Бойко шла торговля «ряской митрополита Филиппа». Покупали больше женщины, часто на последние деньги, и монах стал уже раздирать куски на узкие ленточки.
— Пода-айте копеечку! Копеечку! — звоном стояло в воздухе.
Юродивый Иван Большой Колпак, высокий, нескладный, худой, качался над своей деревянной чашкой, протянув вперед голые исхудалые ноги.
— А ну, робя, что скажешь, блаженный?
Юродивый снял с головы войлочный колпак и поднял его высоко к серому небу.
— Спите, миленькие, на этом свете в крови захлебнулися, на том Божьей пищей напитаетесь… Заснешь и ты, батюшка, заснешь скоро, Божий ангел! А вы ножки ему целуйте!

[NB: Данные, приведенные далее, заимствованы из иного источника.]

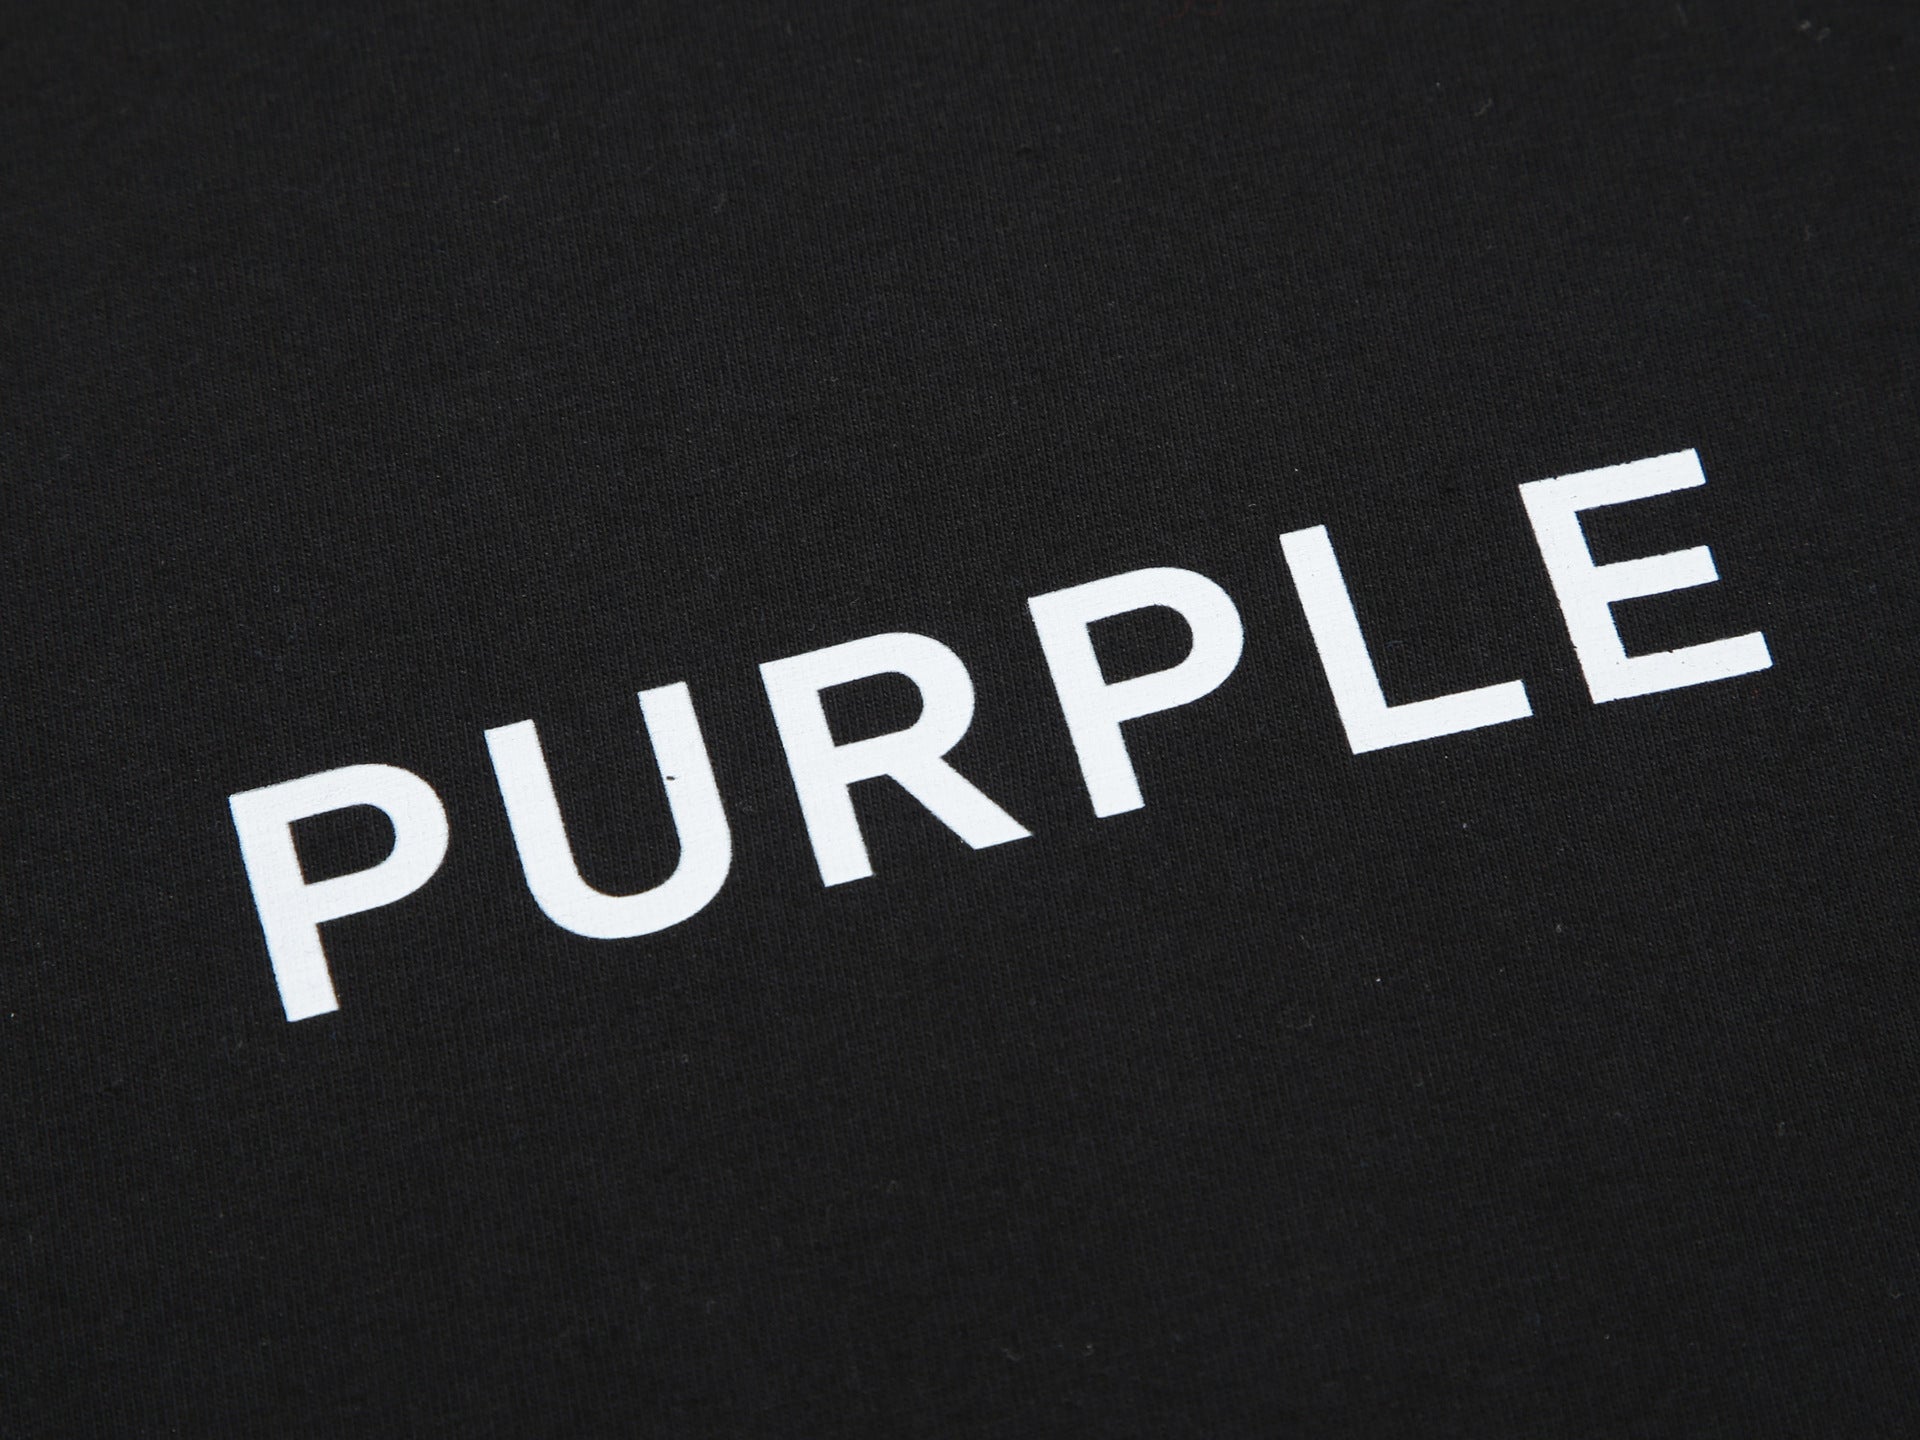 Purple Brand Clean Jersey Logo T-Shirt
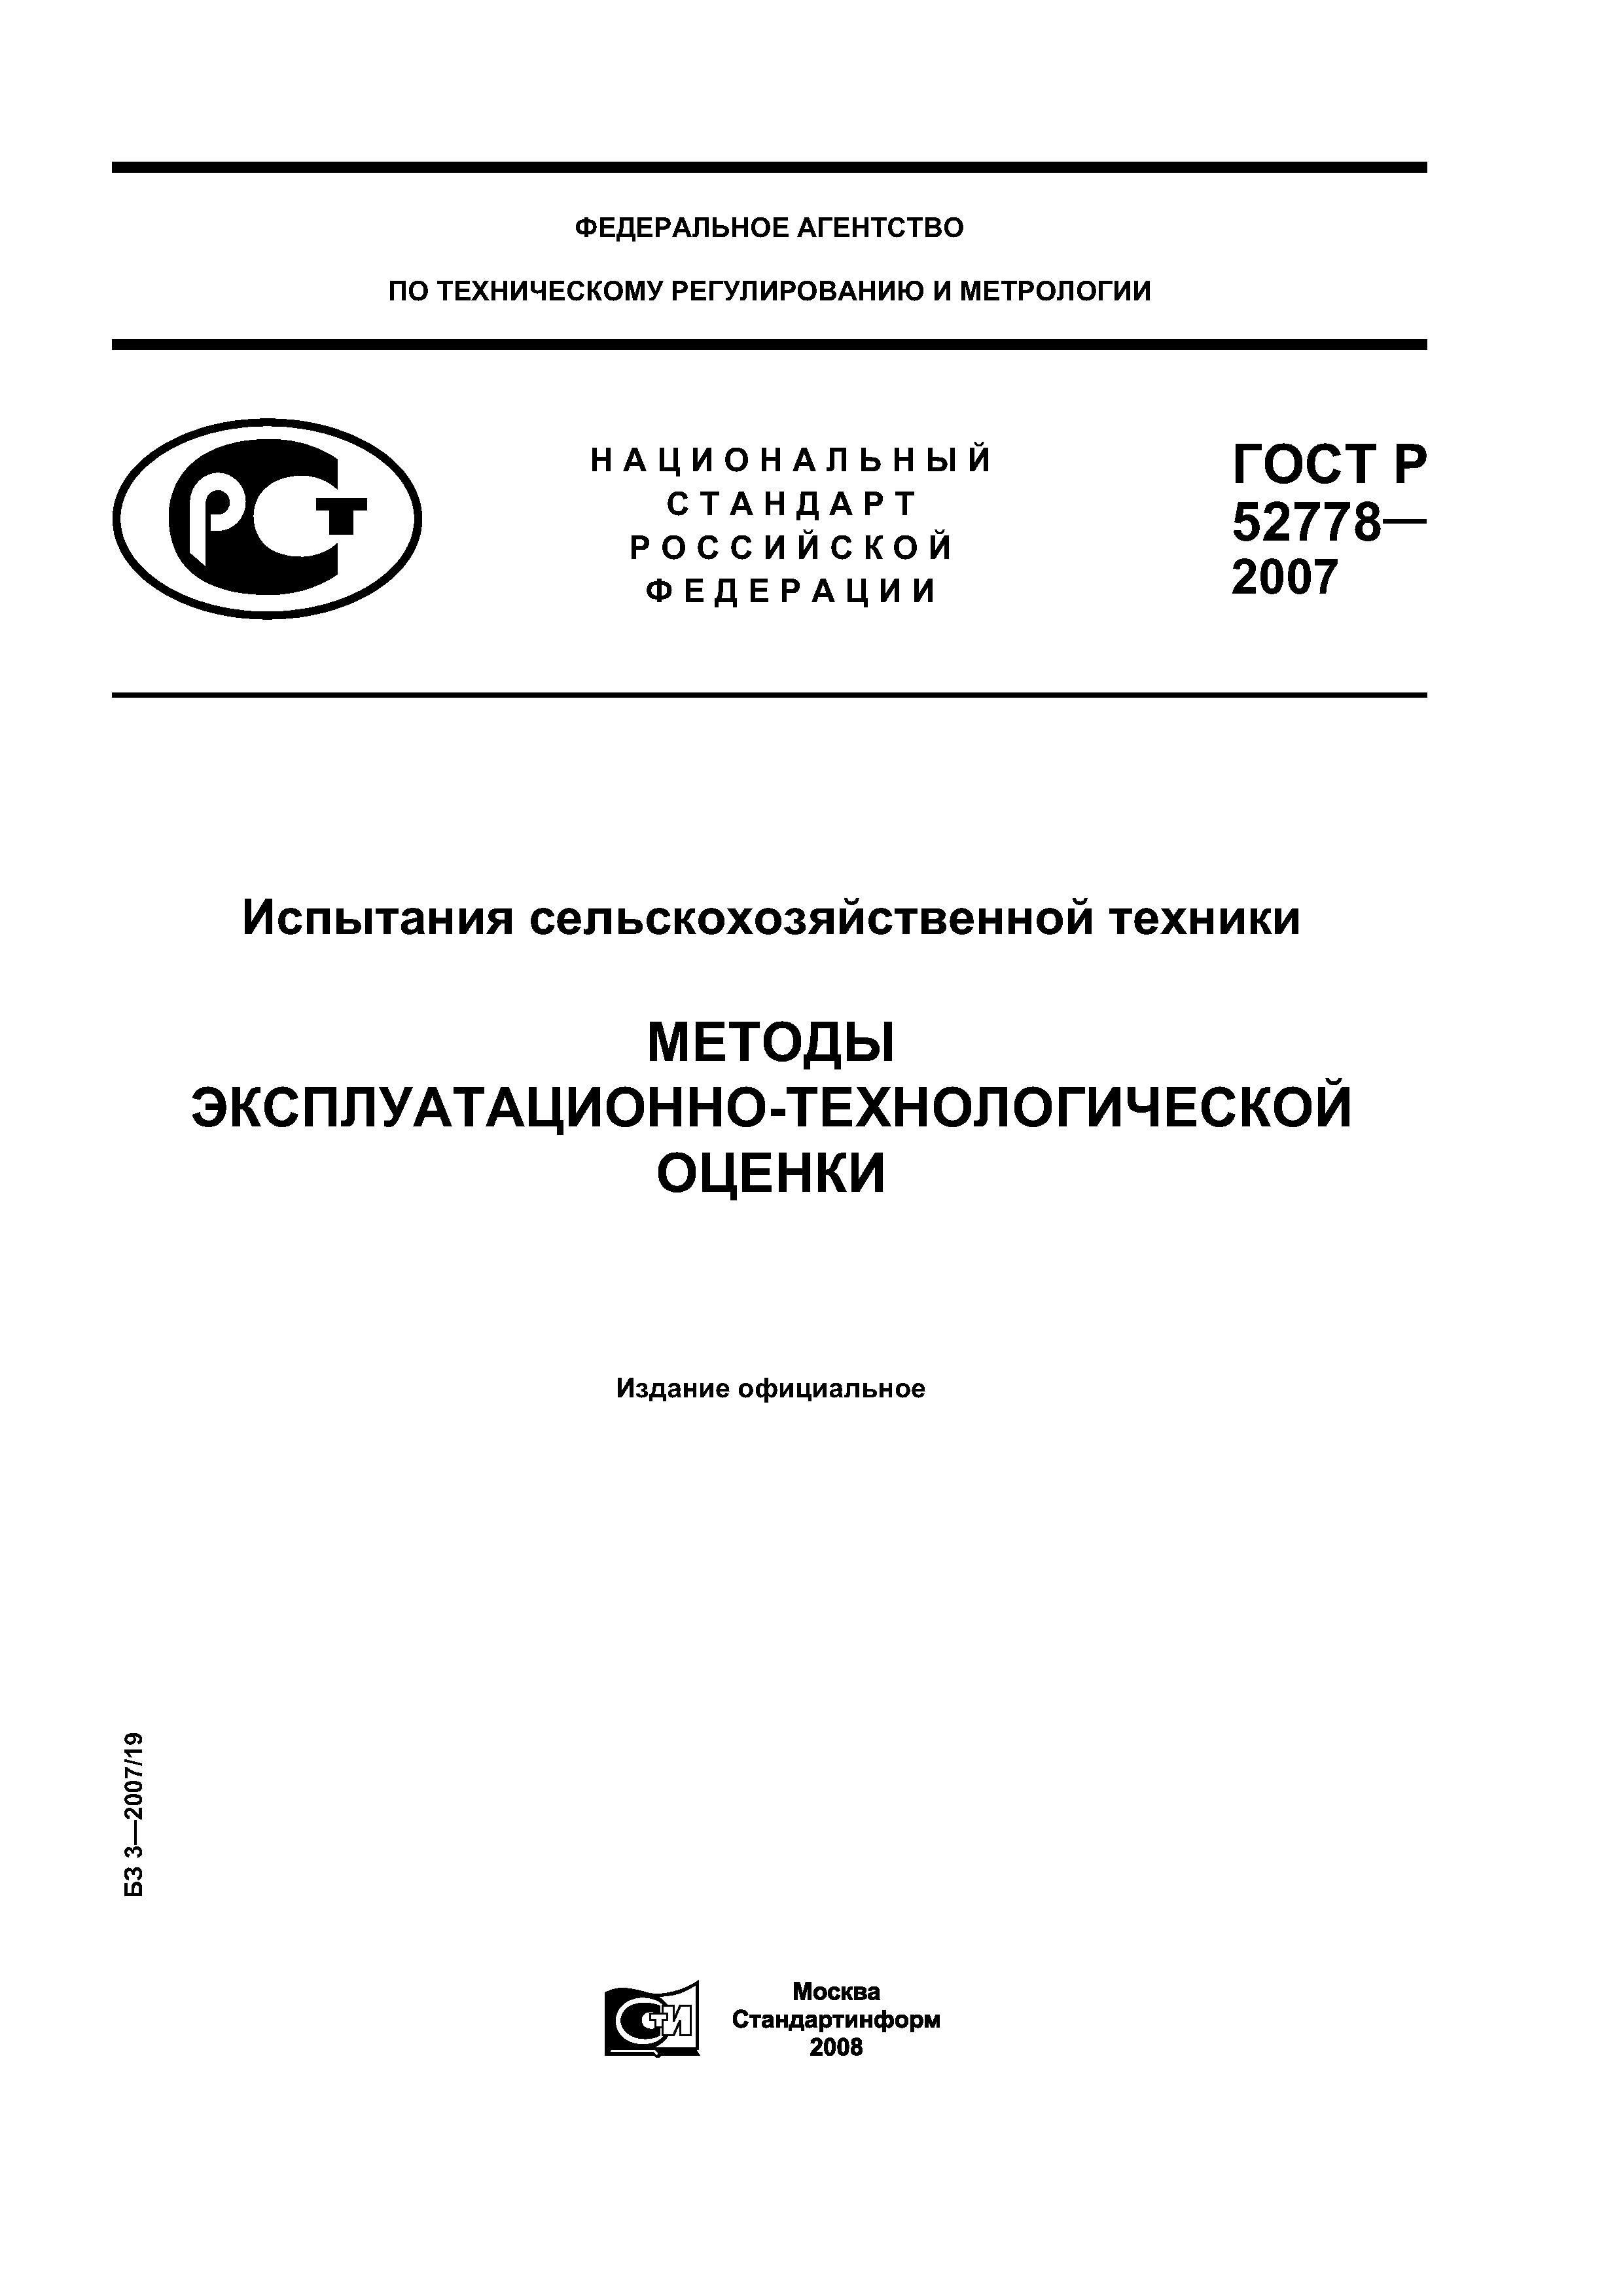 ГОСТ Р 52778-2007

— Слышите! — закричал с бочки парень. — Ножки ему целуйте, митрополиту-то! Валим к Николе, — отсель недалече, — попросим заступы у угодника… пусть в темнице за нас помолится, нас благословит.
— Валим! Валим!
В толпе слышались рыдания…
В этот день около Николы Старого до глубокой ночи толпился народ. Всякий старался увидеть в окне хоть тень митрополита… Припадали к оконцу его кельи, целовали железо и плакали и искали выхода из тяжелой смертельной беды. И видя стаю голубей, поднимавшихся от железной решетки, крестились и говорили:
— Знамение Господне… Пташки Божьи святителя охраняют!
Когда царю донесли о стечении народа у кельи Филиппа, он задумался.
— Что мыслишь об этом, Лукьяныч? — спросил царь любимого опричника.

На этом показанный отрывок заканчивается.